Made in USA
Art is eminently political. Towards the end of the Second World War, when Europe had been bled dry and the way was paved for new forms of expression that were “made in the USA”, like the abstract expressionism of artists like Pollock and Rothko, the most powerful theorist of the time across the Atlantic, Clement Greenberg, categorically refuted the idea of any French influence on these nascent movements.
Accusing surrealism
In 1944 Clement Greenberg even accused surrealist painting of “promoting the rehabilitation of academic art under a new literary disguise”.
Eric de Chassey
An exceptional exhibition is currently on view not in New York or in Paris, but in Marseille, directed by the art historian Eric de Chassey, who reshuffles the deck and reveals the links between the new world and the old, before and after the global conflict. According to him, there were two major figures who played a key role across the Atlantic in relation to surrealism.
Duchamp, Dali
These were Marcel Duchamp, who visited the States regularly from 1915 onwards, and Salvador Dali, who was even employed by Hollywood.
Villa Air Bel
But the story well and truly begins in Marseille in 1940, when the surrealists, led by André Breton, found a refuge in the Villa Air Bel on the outskirts of the city while awaiting their departure for America by boat.
Games
This community, thrown together by circumstance, also included Max Ernst, Leonora Carrington, and Wifredo Lam… and to keep their anxiety at bay they collectively created graphic games, before regrouping – most of them at least – on the other side of the Atlantic. In Marseille we can see their beautiful “exquisite corpse” drawings and other tarots revisited from Marseille, which now belong to municipal collections.
Harold Lehman
Surrealism was not completely unknown in New York, since there was a local offshoot of the movement (see the extraordinary “Portrait of a Dancer Plus a Sculptor” by Harold Lehman in 1934).
Fantastic art
The American artist Joseph Cornell was the first to produce his “worlds in a box”, containing miniature universes, in 1931. The movement itself, theorized with authority by André Breton, was the subject of an exhibition at Moma in New York in 1936 entitled “Fantastic Art Dada, Surrealism”.

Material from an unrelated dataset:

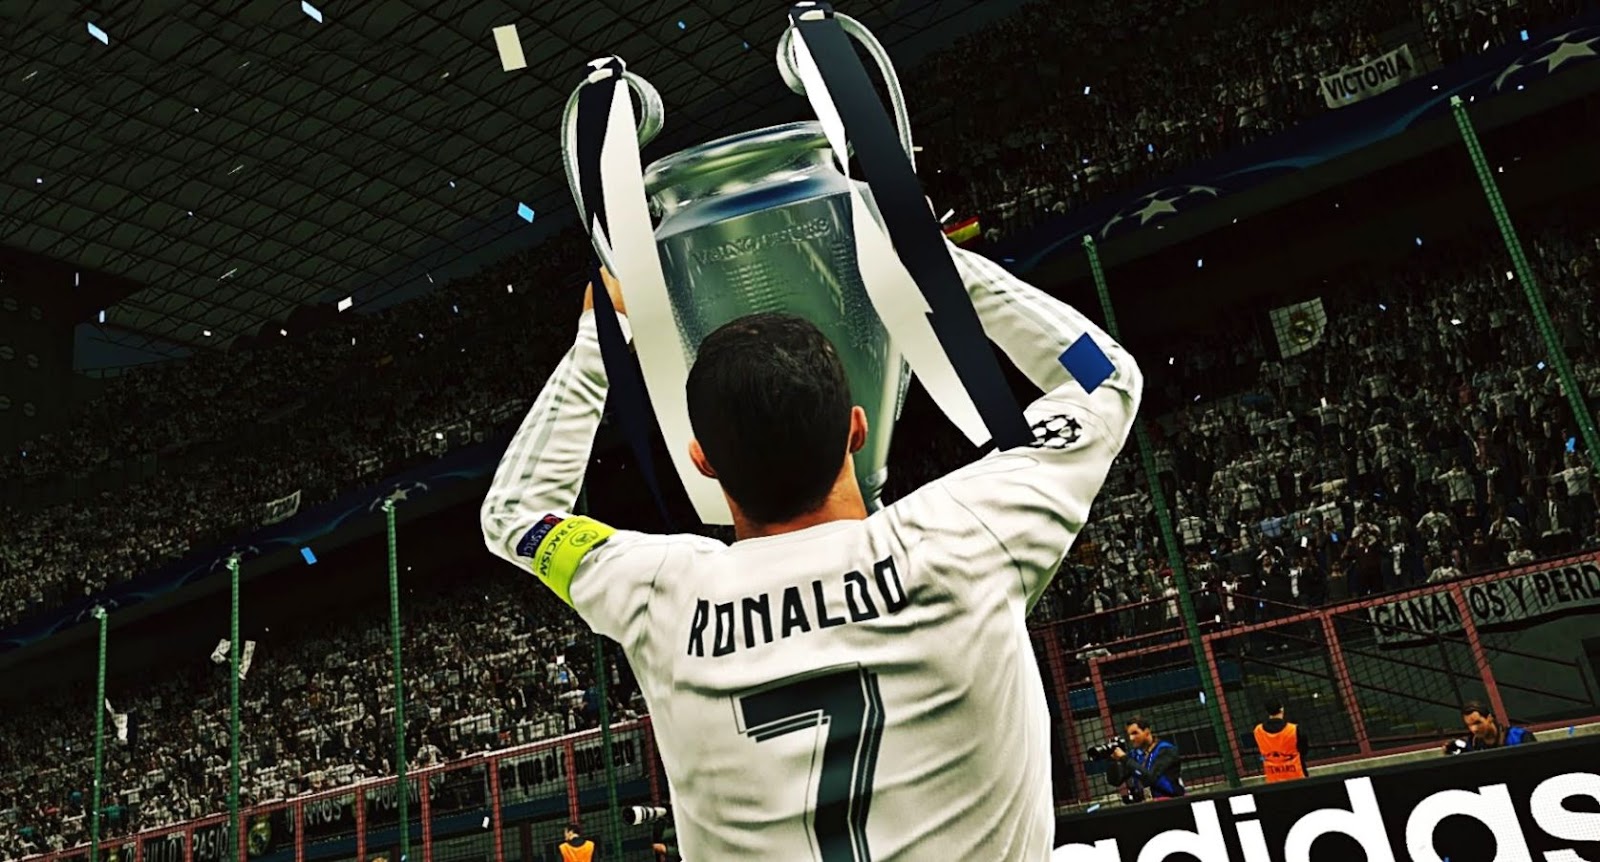 2016 Real Madrid Fc Championship Hd | Image Wallpaper ...

Julien Levy, Pierre Matisse
It was also showcased by the specialist gallery run by Julien Levy who staged an early Dali show in 1933, among others. Pierre Matisse, the New York dealer and son of the painter (see the exhibition dedicated to him at the Matisse Museum in Nice) was a great champion of Joan Miro, among others.
Matta and Motherwell
A number of European artists fled to New York during the war, where they were in permanent dialogue with the young locals. Roberto Matta ran workshops with Pollock and Motherwell, while Breton included Arshile Gorky in his movement.
Rothko, Pollock
At the exhibition in Marseille the canvases from 1941-42 by Rothko and from 1945 by Pollock leave no doubt as to the aesthetic influence of the surrealists.
Louise Bourgeois
Louise Bourgeois officially rejects having been influenced by the group, which she did nonetheless frequent during this period, but her oblong wooden forms from the late 1940s resemble supernatural figures.
Claes Oldenburg
James Rosenquist
Dali said of the Pop artist Claes Oldenburg, who made huge soft sculpture objects, that they resembled his melting clocks.
Andy Warhol
And Andy Warhol attended the first retrospective of Marcel Duchamp in 1966 in Pasadena. He also featured the master of the readymade in one of his screen tests, a video portrait with no sound. At the Marseille exhibition there is a proliferation of striking examples.
Art history
The history of 20th century art is gradually starting to be revisited, detached at long last from national interests.